Thursday, August 29, 2013

Ninth Circuit Upholds California Ban on "Ex-Gay" Therapy for Minors

 The Christofascists who support the use of fraudulent "ex-gay" therapy as a part of their effort to claim that homosexuality is a "choice" and "changeable" and that, therefore, gays deserve no legal protections, suffered a major defeat today when the United States Court of Appeals for the Ninth Circuit upheld California's ban on reparative therapy and "ex-gay" therapy for anyone under the age of 18 (the full opinion can be found here).  As one who tried for 37 years to "change" and to "pray away the gay." I know first hand that these programs are utter bullshit and little better than hiring a witch doctor to cast spells over you to "cure" you.  These programs are noting short of child abuse, and in my view, both therapists who use it on minors and parents who force their children to undergo it ought to be charged with criminal child abuse and prosecuted.  I'm sure the Christofascists will seek to appeal today's ruling to the U.S. Supreme Court which, if the justices have any sense will reject the appeal without an opinion.  Here are details from the opinon:

SUMMARY:  The panel held that Senate Bill 1172 regulates professional conduct, not speech and therefore was subject only to a rational basis review. The panel held that under its police power, California has authority to prohibit licensedmental health providers from administering therapies that the legislature has deemed harmful, and the fact that speech may be used to carry out those therapies does not turn the prohibitions of conduct into prohibitions of speech. The panel further concluded that the First Amendment does not prevent a state from regulating treatment even when that treatment is performed through speech alone. The panel concluded that the record demonstrated that the legislature acted rationally when it decided to protect the well-being of minors by prohibiting mental health providers from using “sexual orientation change efforts” on persons under 18.

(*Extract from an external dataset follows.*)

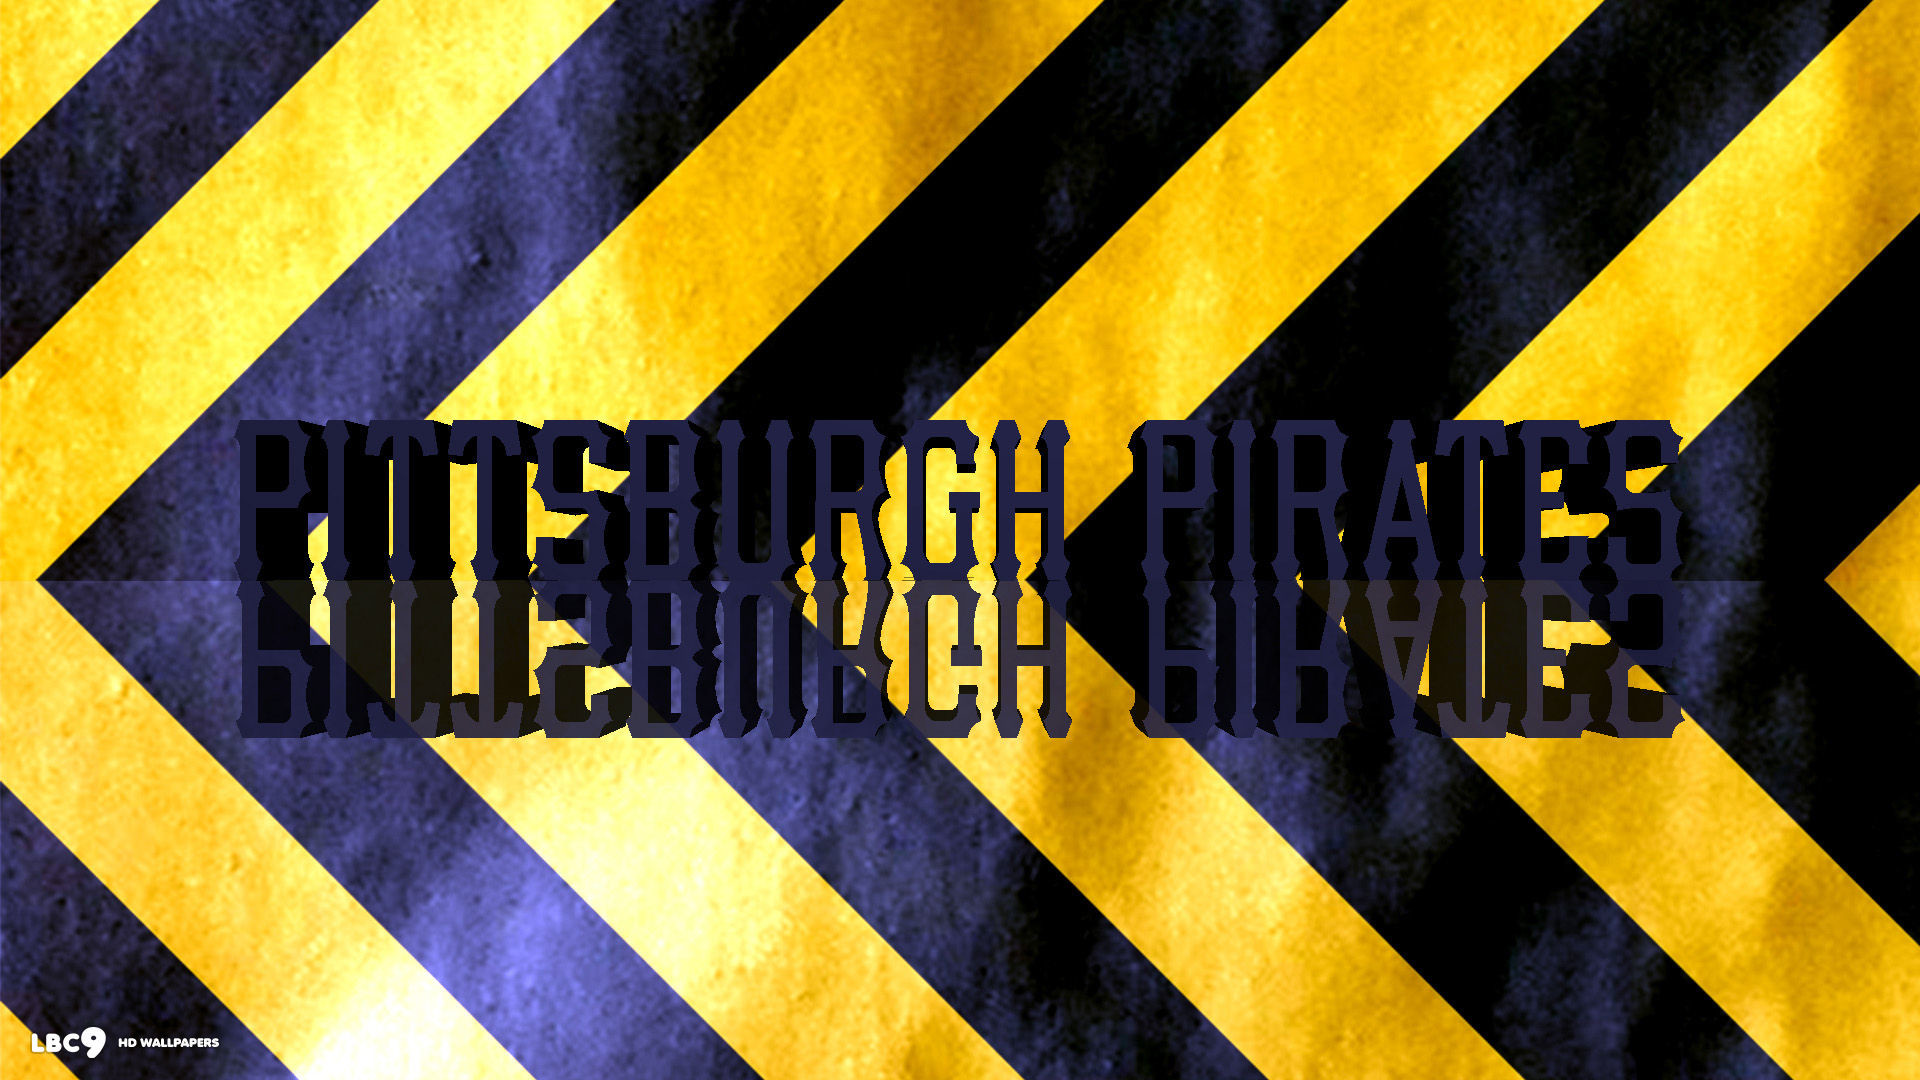 pittsburgh pirates stripes wallpaper

SB 1172 was clear to a reasonable person and any incidental effect that the ban had on speech was small in comparison to its legitimate sweep; and (3) the ban did not infringe on the fundamental rights of  parents because parents do not have the right to choose a specific type of provider for a specific medical or mental health treatment that the state has reasonably deemed harmful.

OPINION:

The legislature’s stated purpose in enacting SB 1172 was to “protect[] the physical and psychological well-being of minors, including lesbian, gay, bisexual, and transgender youth, and [to] protect[] its minors against exposure to serious harms caused by sexual orientation change efforts.”2012 Cal. Legis. Serv. ch. 835, § 1(n). The legislature relied on the well documented, prevailing opinion of the medical and psychological community that SOCE has not been shown to be effective and that it creates a potential risk of serious harm to those who experience it. Specifically, the legislature relied on position statements, articles, and reports published by the following organizations: the American Psychological Association, the American Psychiatric Association, the American School Counselor Association, the American Academy of Pediatrics, the American Medical Association, the National Association of Social Workers, the American Counseling Association, the American Psychoanalytic Association, the American Academy of Child and Adolescent Psychiatry, and the Pan American Health Organization.

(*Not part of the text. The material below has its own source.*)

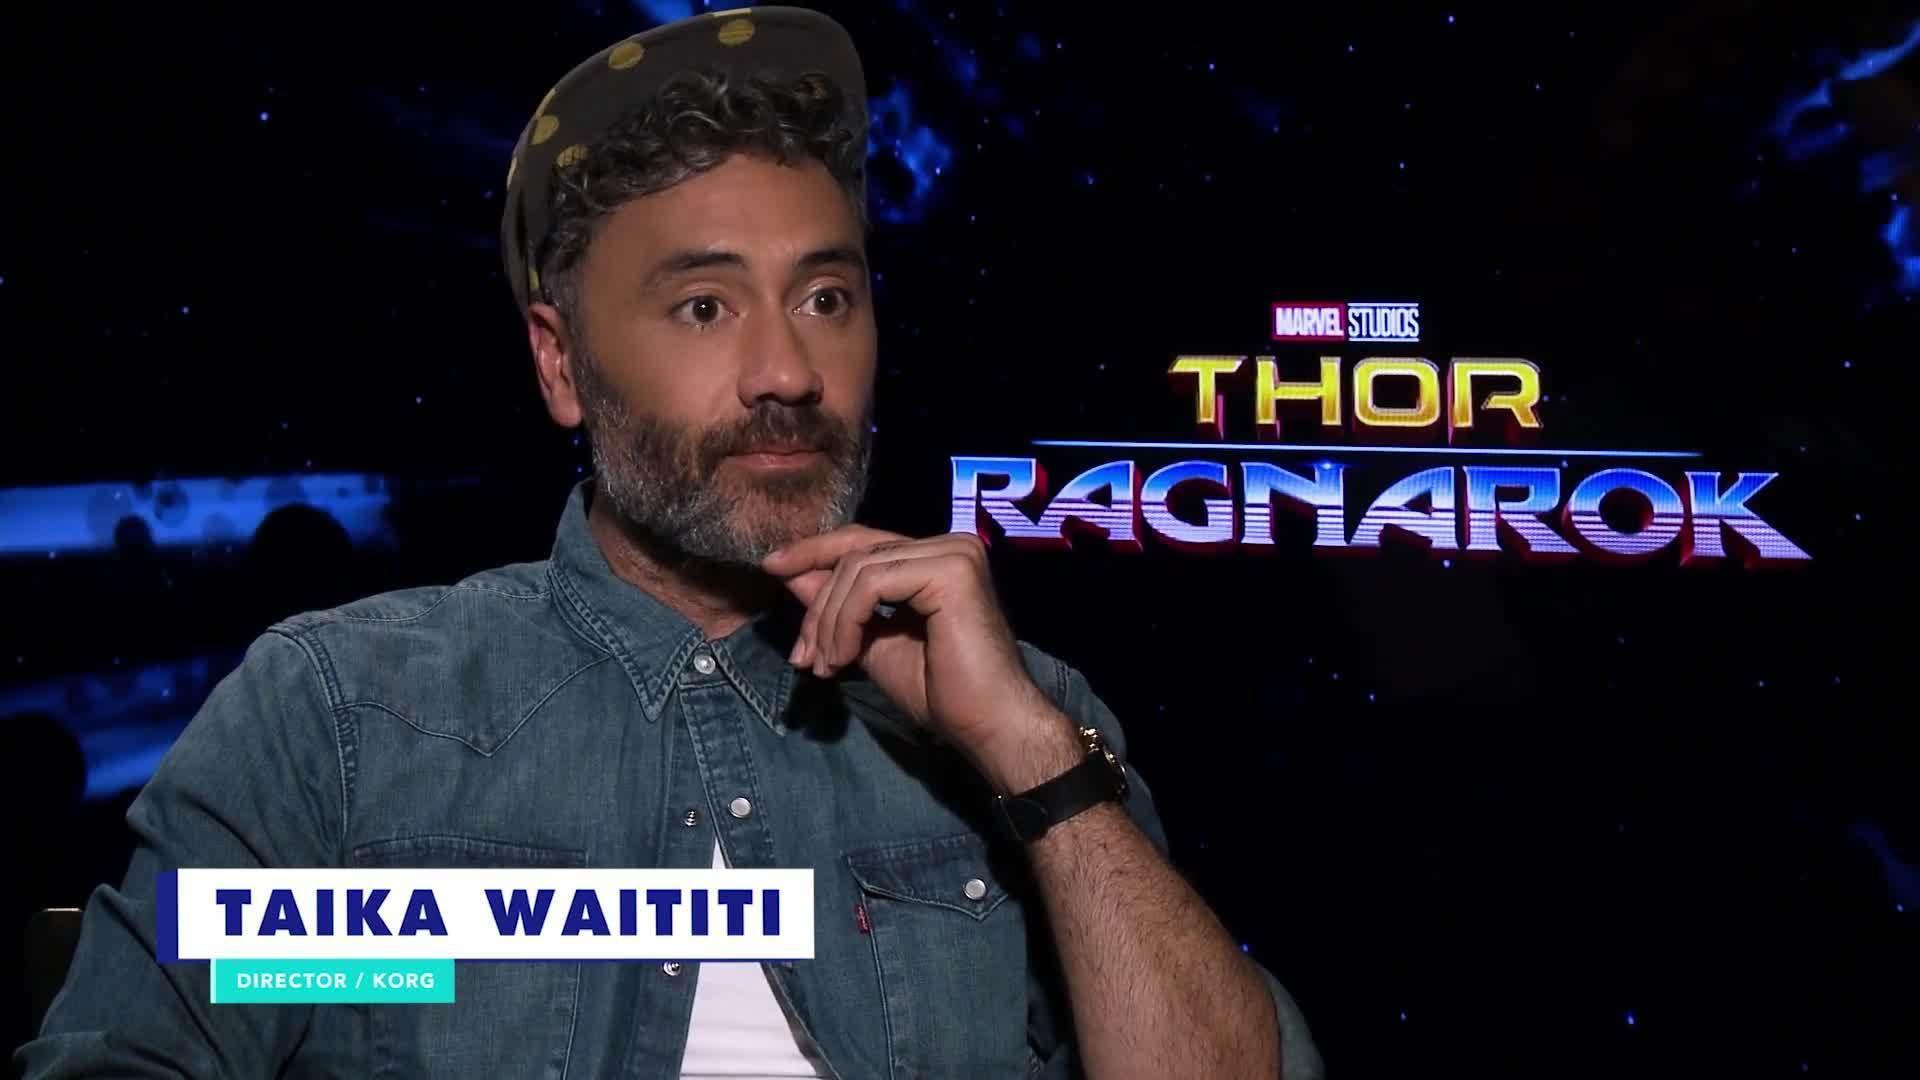 Taika Waititi Talks About Directing Thor: Ragnarok | Oh My Disney Show

A doctor “may not counsel a patient to rely on quack medicine. The First Amendment would not prohibit the doctor’s loss of license for doing so.”  Conant v. McCaffrey , No. C 97-00139 WHA, 2000 WL 1281174, at *13 (N.D. Cal.Sept. 7, 2000) (order) (unpublished);  see also Shea v. Bd. of  Med. Exam’rs, 146 Cal. Rptr. 653, 662 (Ct. App. 1978) (“The state’s obligation and power to protect its citizens by regulation of the professional conduct of its health practitioners is well settled. . . . [T]he First Amendment . . .does not insulate the verbal charlatan from responsibility for his conduct; nor does it impede the State in the proper exercise of its regulatory functions.” (citations omitted)); cf. Post, 2007 U. Ill. L. Rev. at 949 (“[W]hen a physician speaks to a patient in the course of medical treatment, his opinions are normally regulated on the theory that they are inseparable from the practice of medicine.”).

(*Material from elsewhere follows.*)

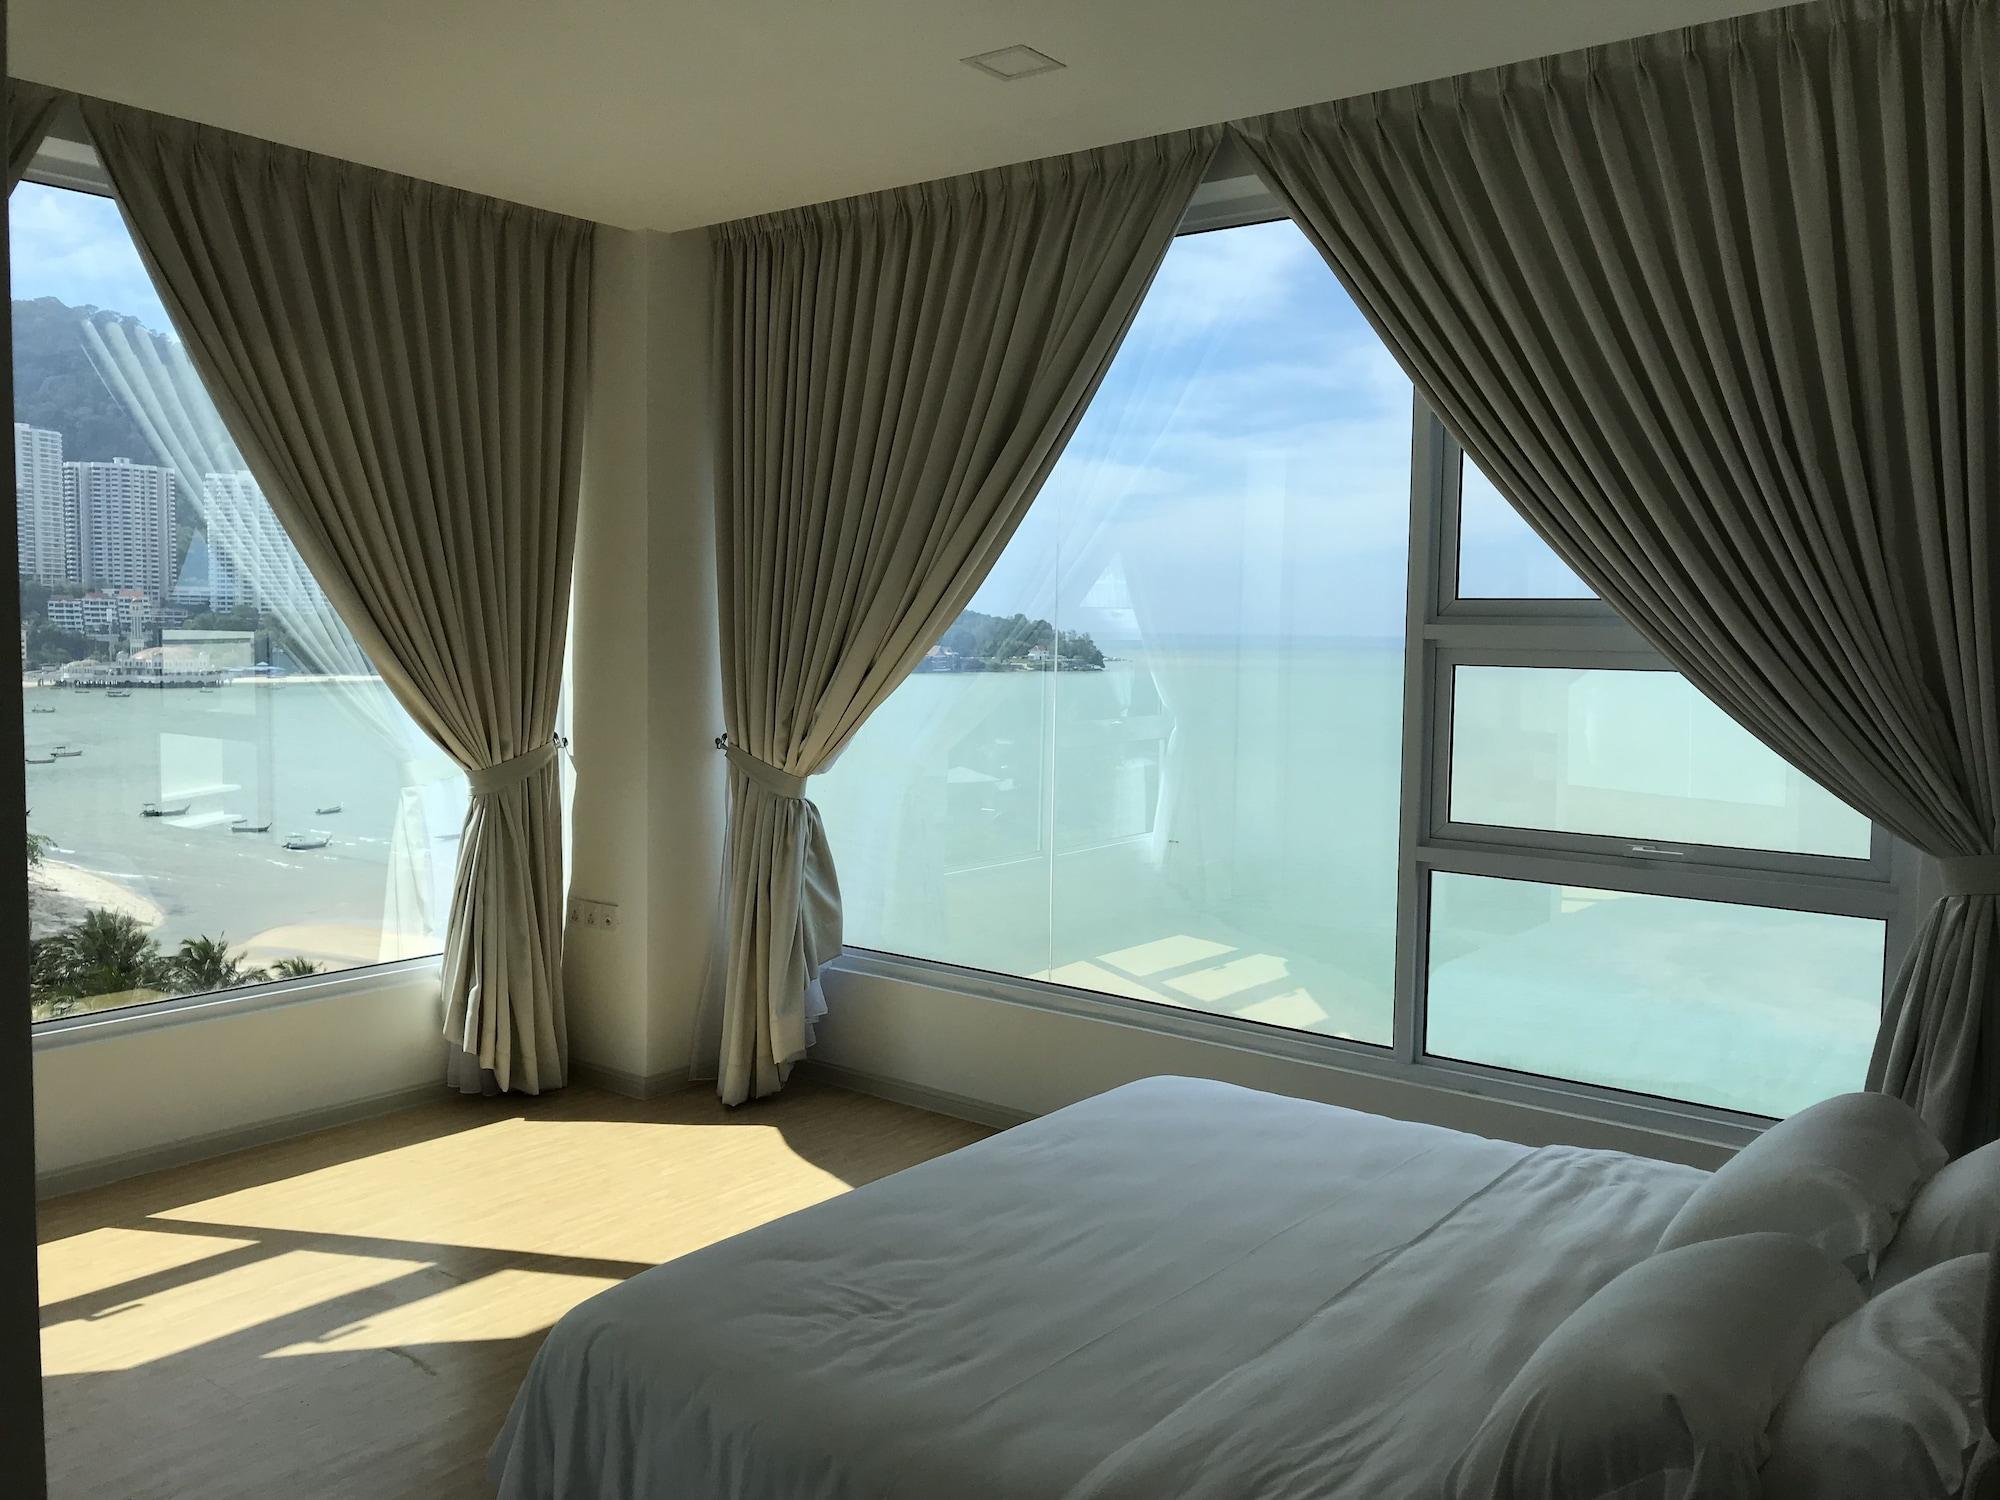 Brand New By The Beach - Tanjung Bungah, Pulau Penang

[W]here we conclude that SB 1172 lands, is the regulation of professional conduct, where the state’s power is great, even though such regulation may have an incidental effect on speech. See id.  (“Just as offer and acceptance are communications incidental to the regulable transaction called a contract, the professional’s speech is incidental to the conduct of the profession.”). Most, if not all, medical treatment requires speech, but that fact does not give rise to a First Amendment claim when the state bans a particular treatment.
 There's much more, but you get the drift.  The Ninth Circuit ripped the "ex-gay" therapy proponents a new one and justifiably so.